Below are the records; reproduce all of them exactly but without any images.

Top of Source material

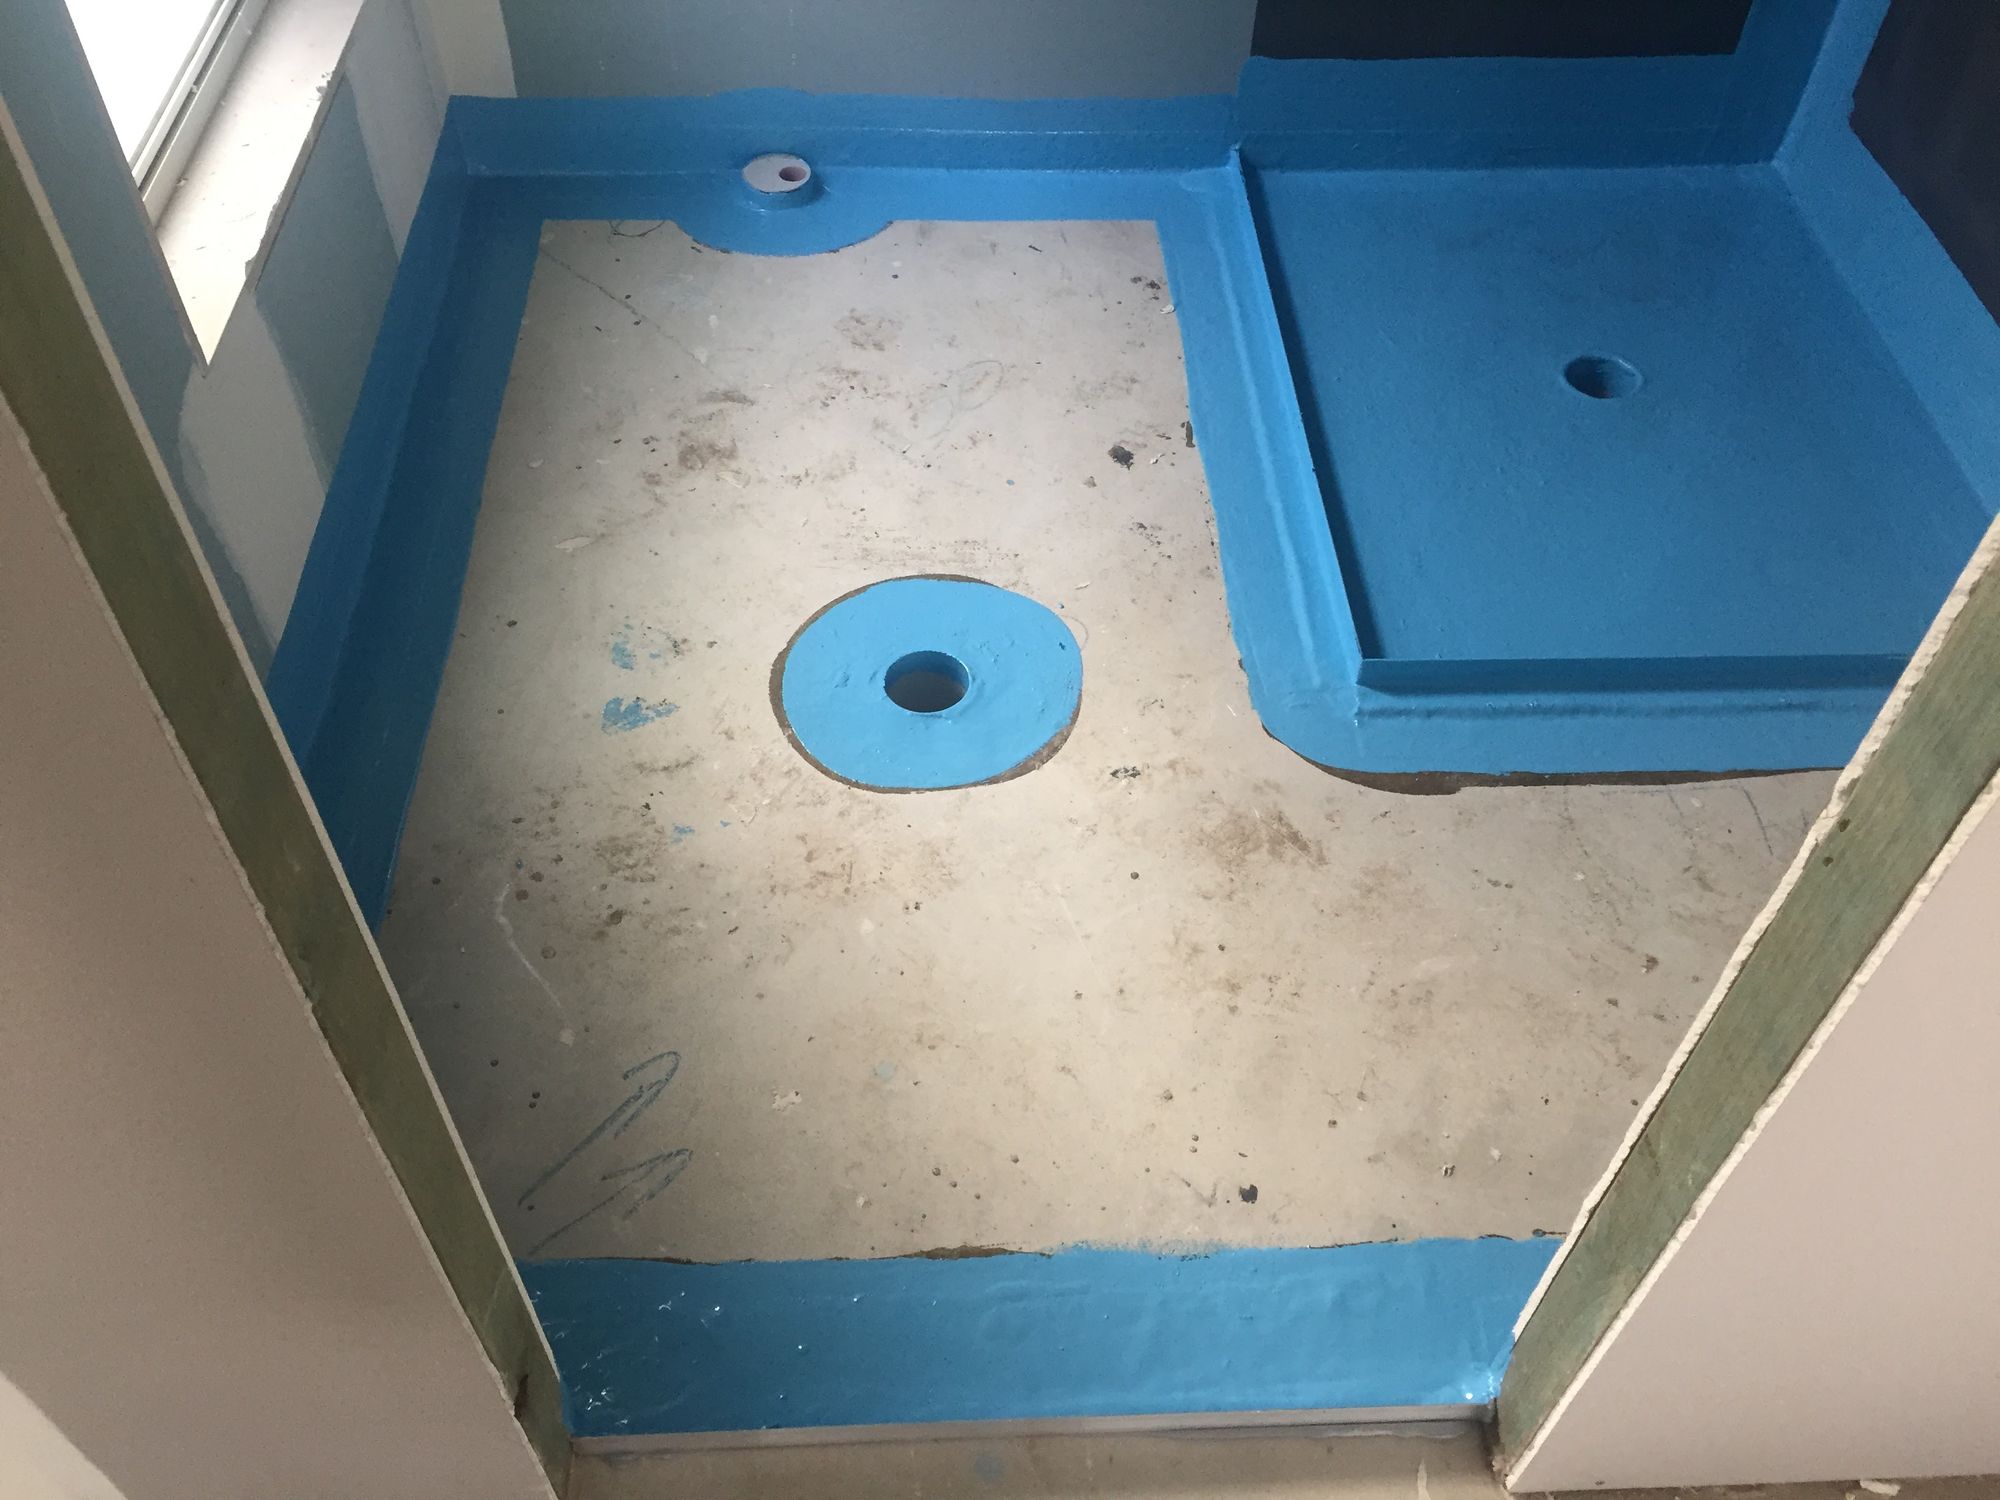 A Beginner's Guide to Waterproofing Wet Areas
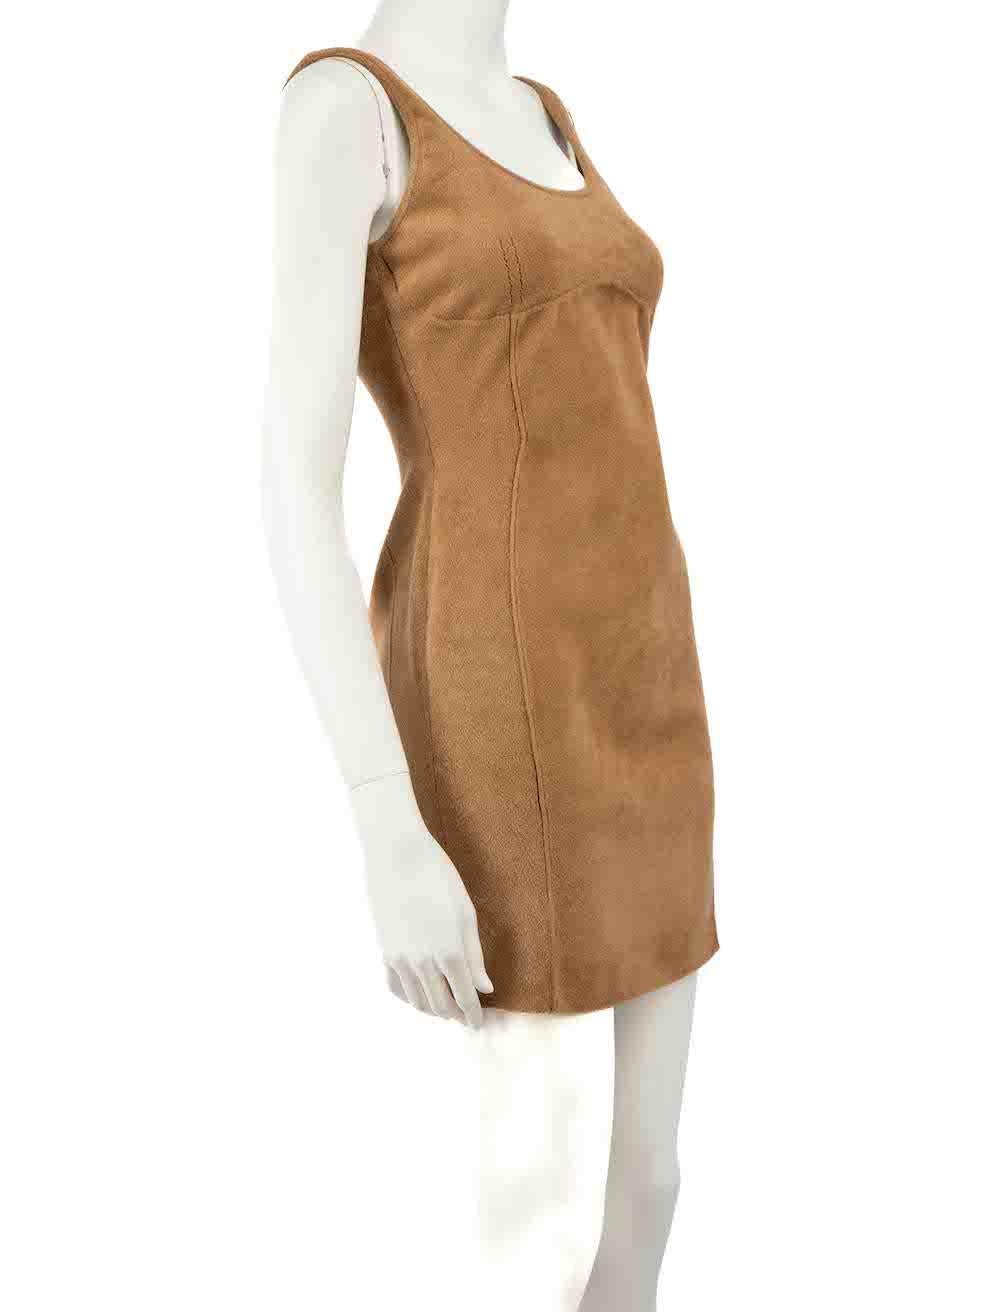 CONDITION is Very good. Hardly any visible wear to dress is evident on this used Fendi x Skims designer resale item.
 
 
 
 Details
 
 
 Fendi x Skims
 
 Brown
 
 Viscose
 
 Knit bodycon dress
 
 Figure hugging fit
 
 Sleeveless
 
 Round neck
 
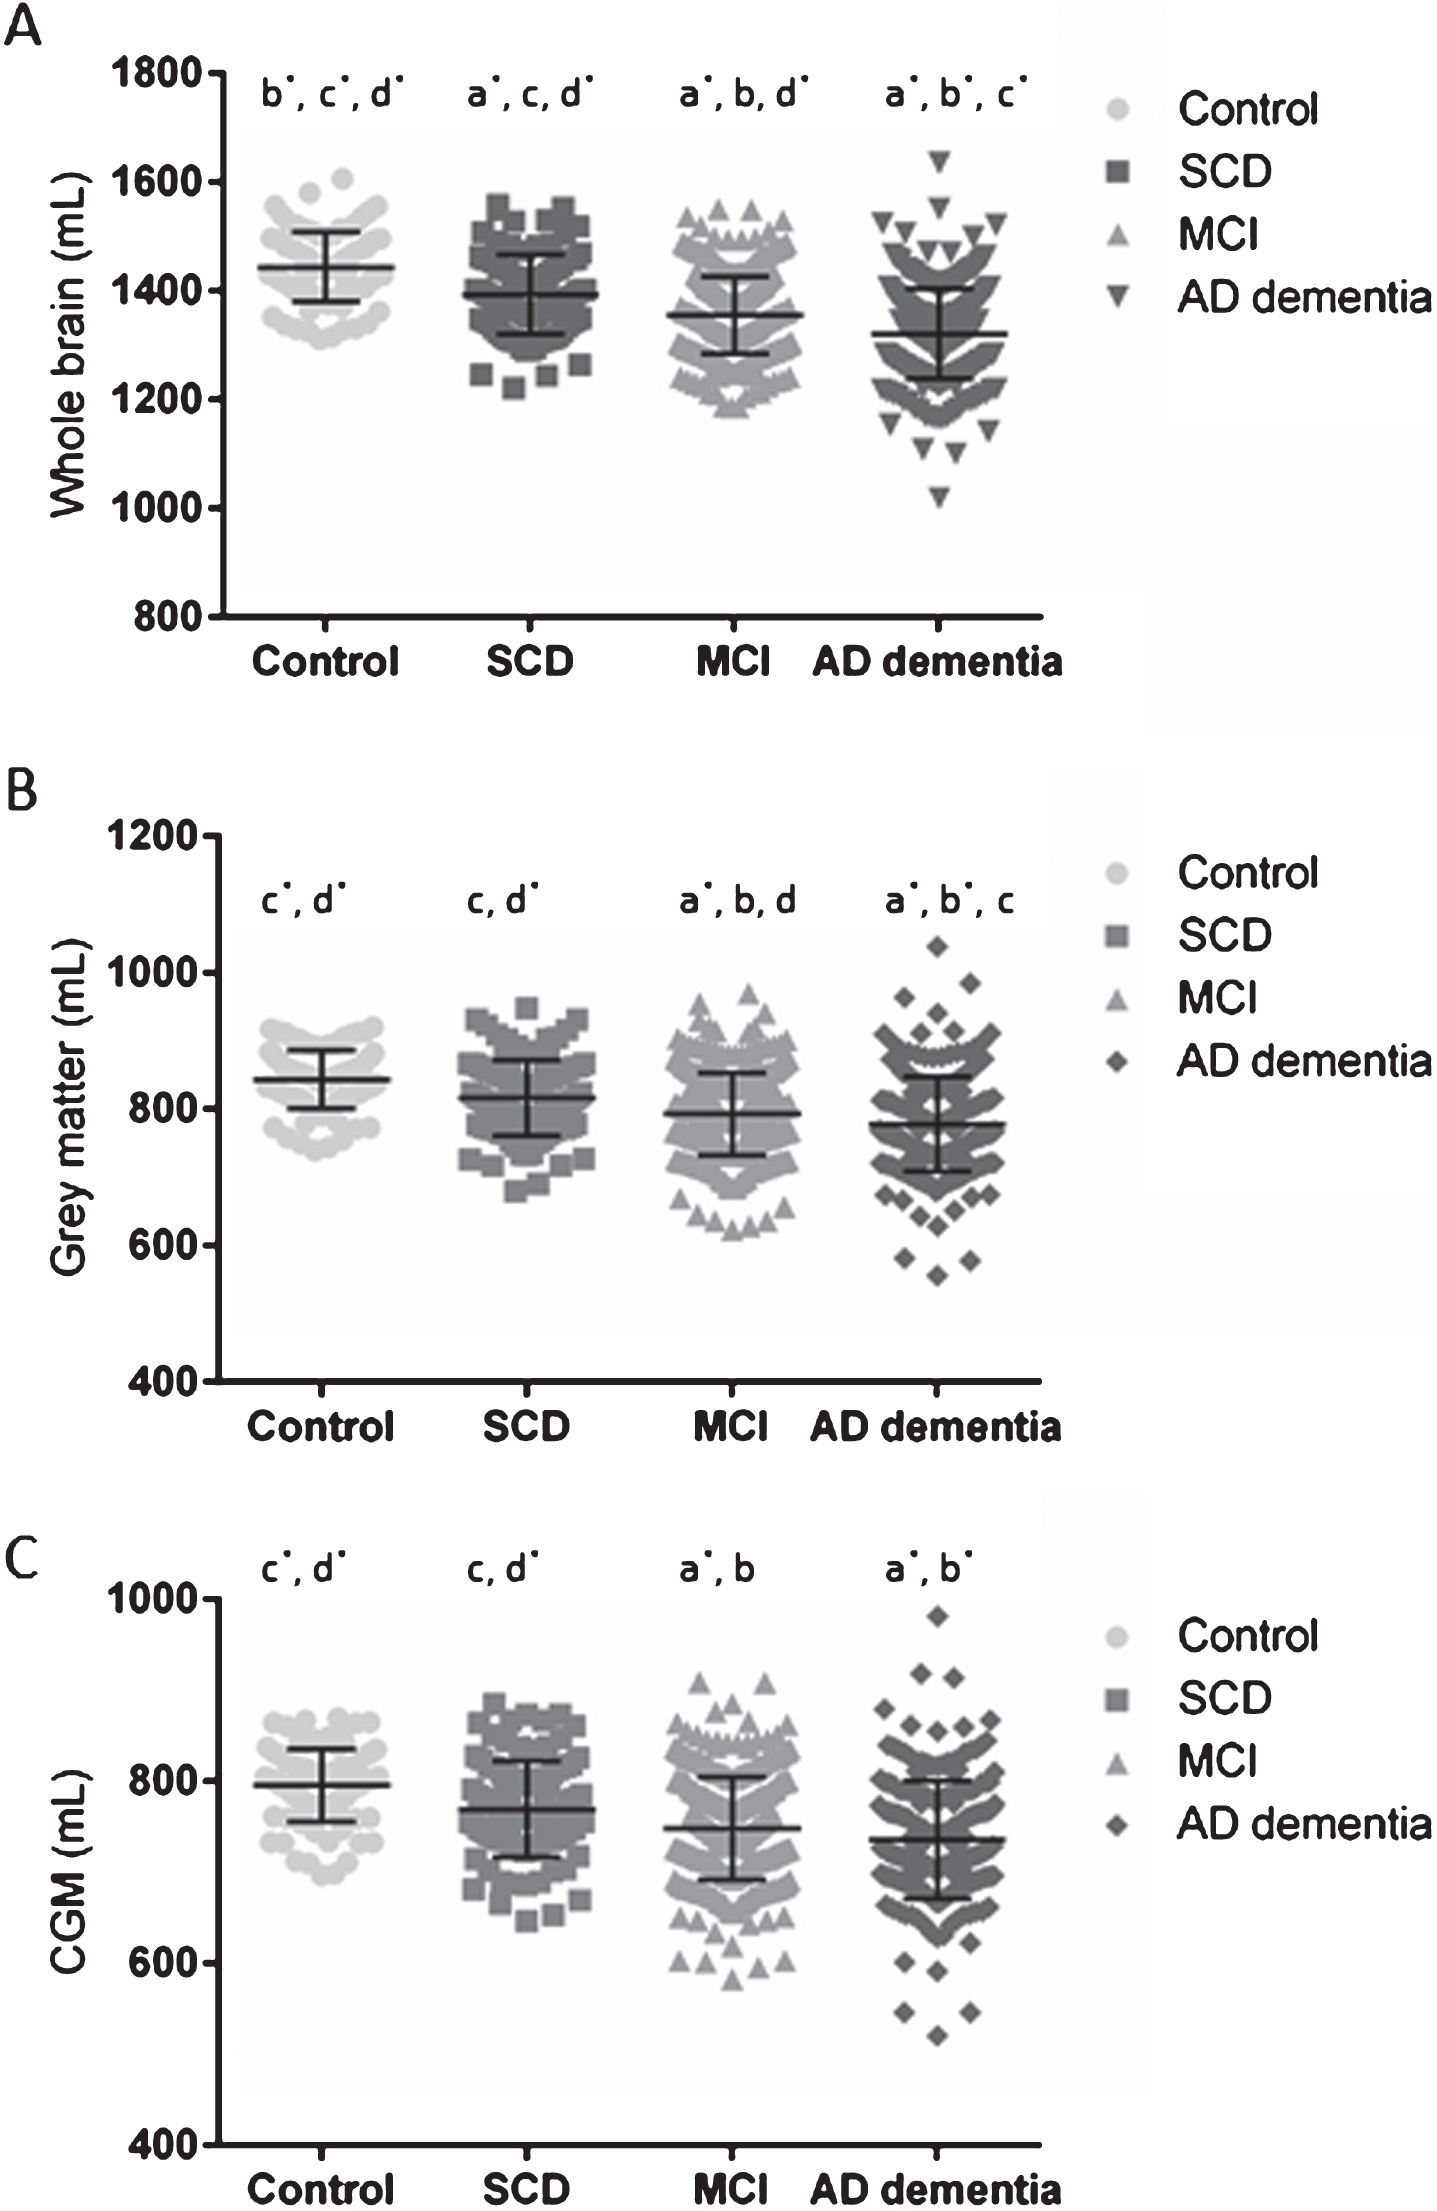 WB, GM, and CGM volumes across the different clinical diagnosis. Scatterplots of WB (A), GM (B), and CGM (C) volumes in mL per clinical diagnostic category with their corresponding mean±SD. Significant differences were reported between clinical diagnoses, p = 0.001* or p < 0.05 (a-d). Volumes were significantly different between a clinical diagnostic group and cognitively healthy controls (a), to SCD (b), to MCI (c), or to AD dementia patients (d). WB was significantly different between all diagnostic groups. GM was significantly different between all diagnostic groups, except between controls and SCD. The CGM was significantly different between controls and SCD versus MCI and AD dementia. AD, Alzheimer’s disease; CGM, cortical grey matter; GM, grey matter; MCI, mild cognitive impairment; SCD, subjective cognitive decline; SD, standard deviation; WB, whole brain.

Bottom of Source material

- _Answer area_:
 A Beginner's Guide to Waterproofing Wet Areas
 CONDITION is Very good. Hardly any visible wear to dress is evident on this used Fendi x Skims designer resale item.
 
 
 
 Details
 
 
 Fendi x Skims
 
 Brown
 
 Viscose
 
 Knit bodycon dress
 
 Figure hugging fit
 
 Sleeveless
 
 Round neck
 
 WB, GM, and CGM volumes across the different clinical diagnosis. Scatterplots of WB (A), GM (B), and CGM (C) volumes in mL per clinical diagnostic category with their corresponding mean±SD. Significant differences were reported between clinical diagnoses, p = 0.001* or p < 0.05 (a-d). Volumes were significantly different between a clinical diagnostic group and cognitively healthy controls (a), to SCD (b), to MCI (c), or to AD dementia patients (d). WB was significantly different between all diagnostic groups. GM was significantly different between all diagnostic groups, except between controls and SCD. The CGM was significantly different between controls and SCD versus MCI and AD dementia. AD, Alzheimer’s disease; CGM, cortical grey matter; GM, grey matter; MCI, mild cognitive impairment; SCD, subjective cognitive decline; SD, standard deviation; WB, whole brain.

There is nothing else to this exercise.